Geologic formation in the western United States

The Bluff Formation is a geological formation found in the Four Corners area. It was deposited in the late Jurassic Period.

==Description==
The Bluff Formation consists of massive wind-deposited (eolian) sandstone beds at its type location at Bluff, Utah. These cap the cliffs north of town and are 100-350 ft thick. Further to the southeast, the sandstone beds lack high-angle cross beds, being dominated instead by horizontal bed forms, and are overlain by mixed sandstone and shale beds of the Recapture Member. The Recapture Member has been variously assigned either to the overlying Morrison Formation or to the Bluff Formation. The Recapture Member is separated from the Salt Wash Member of the Morrison Formation by the regional J-5 unconformity.
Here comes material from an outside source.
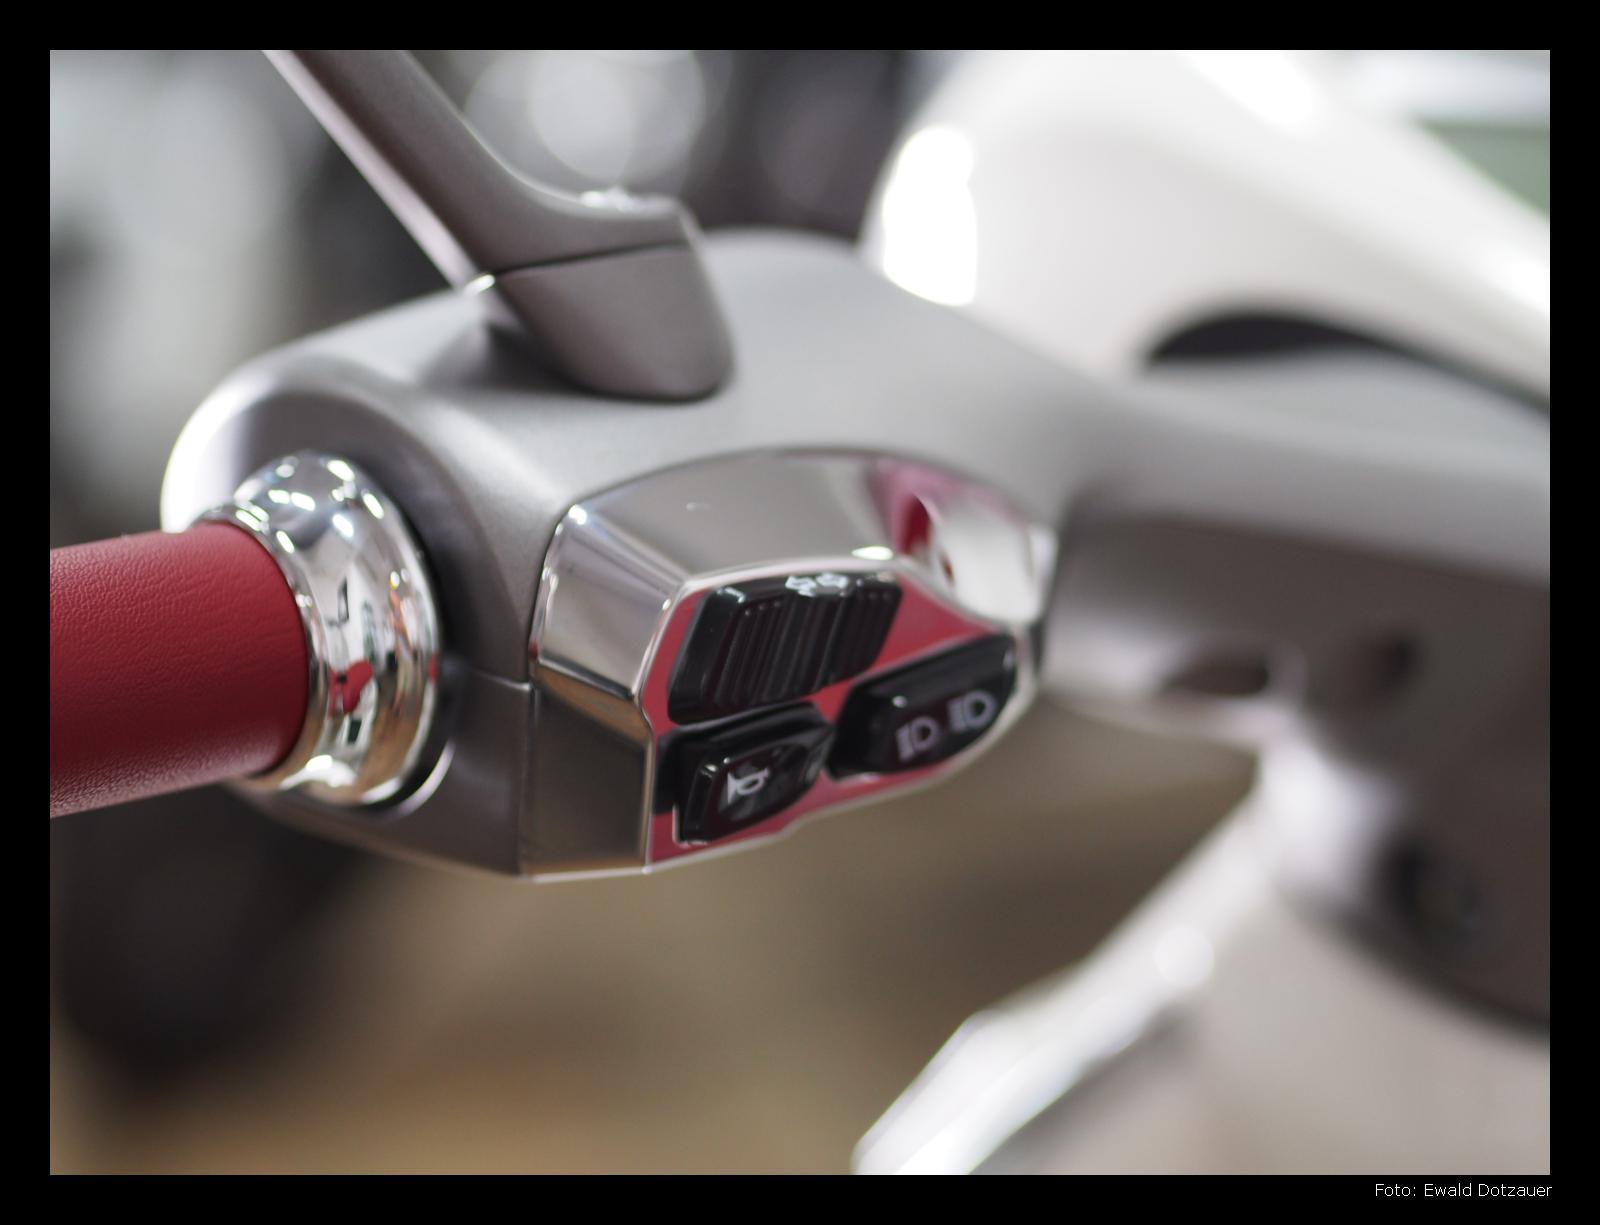 Vespa 946 - Schalter am linken Lenkergriff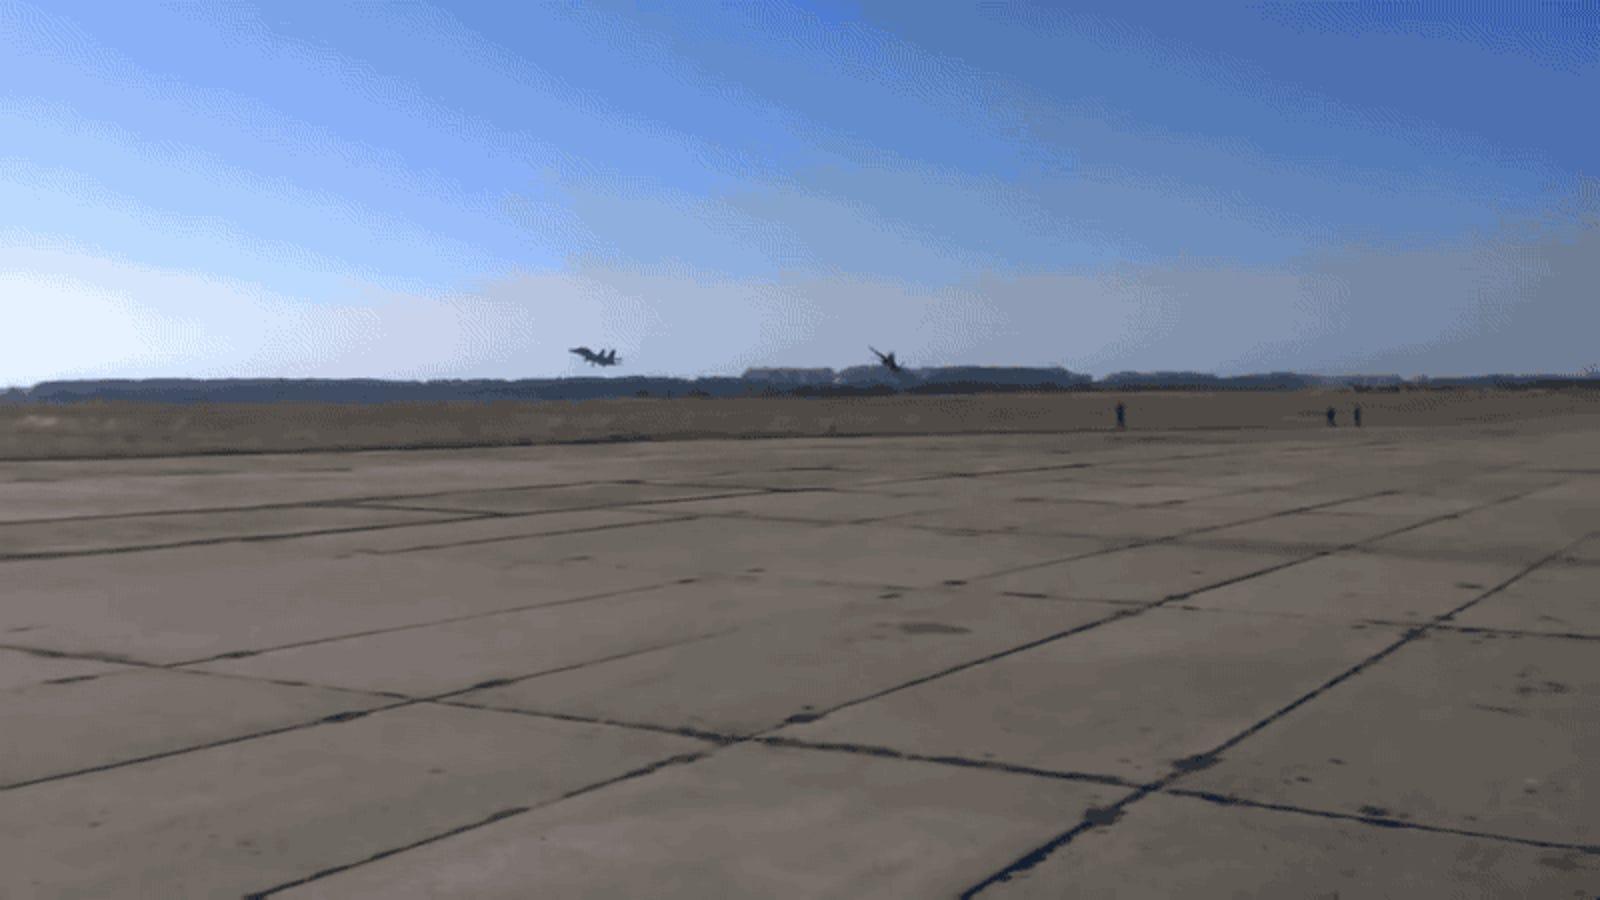 Este avión de combate vuela tan a ras del suelo que por poco consigue tumbar a una persona

==History of investigation==
The formation was first named as the Bluff Sandstone by A.A. Baker, C.H. Dane, and J.B. Reeside, Jr., in 1938. They assigned it to the lower Morrison Formation. J.W. Harshbarger, Charles Repenning, and J.H. Irwin promoted it to formation rank in 1957, but this was not universally accepted. Spencer G. Lucas advocated both for formation rank and for assigning the Recapture Member to the Bluff Sandstone. Steven M. Cather agreed with promotion of the Bluff Sandstone to formation rank but advocated leaving the Recapture Member with the Morrison Formation.